扩容时，Go map 并不会马上把所有旧桶迁移完，而是：

分配一份新的 bucket 数组（oldbuckets 和 newbuckets 并存）；
设置 oldbuckets 指针指向旧桶；
在后续的 每次写入操作（插入/删除）中，顺便“搬一两个旧桶”的数据到新桶中；
迁移的数据会被重新计算 hash 值并分配到新桶；
同时维护一个 nevacuate 指针记录迁移进度，当 nevacuate 指向了所有旧桶的末尾，说明所有桶都搬迁完毕。
当所有旧桶都迁移完毕后，map 会把旧桶释放，指针 oldbuckets 清空。才切换为新桶数组。

在 map 渐进扩容过程中，如何判断一个旧桶的 key 应该迁移到新桶的哪个桶中？
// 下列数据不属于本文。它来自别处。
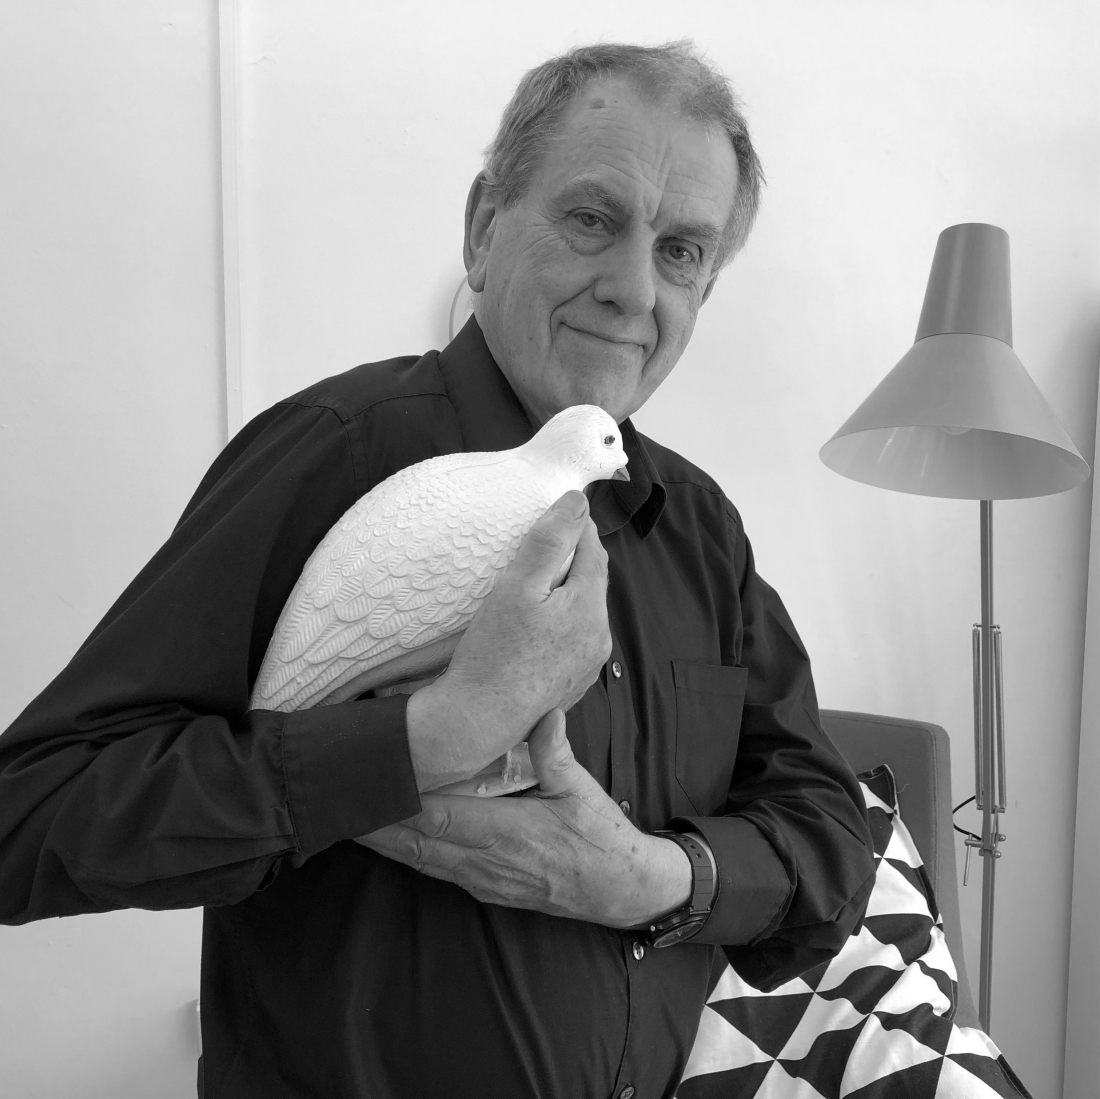 Peter Standing - Architect & Founder

在 Go 的 map 中，扩容时新桶数量 = 旧桶数量 × 2（增量扩容）。

因此：一个旧桶中的 key-value 对只可能被迁移到两个新桶中的一个。

判断规则是：对于旧桶中每个 key，根据 hash 值重新计算位置，看是落到原桶 b，还是 b + oldBucketCount。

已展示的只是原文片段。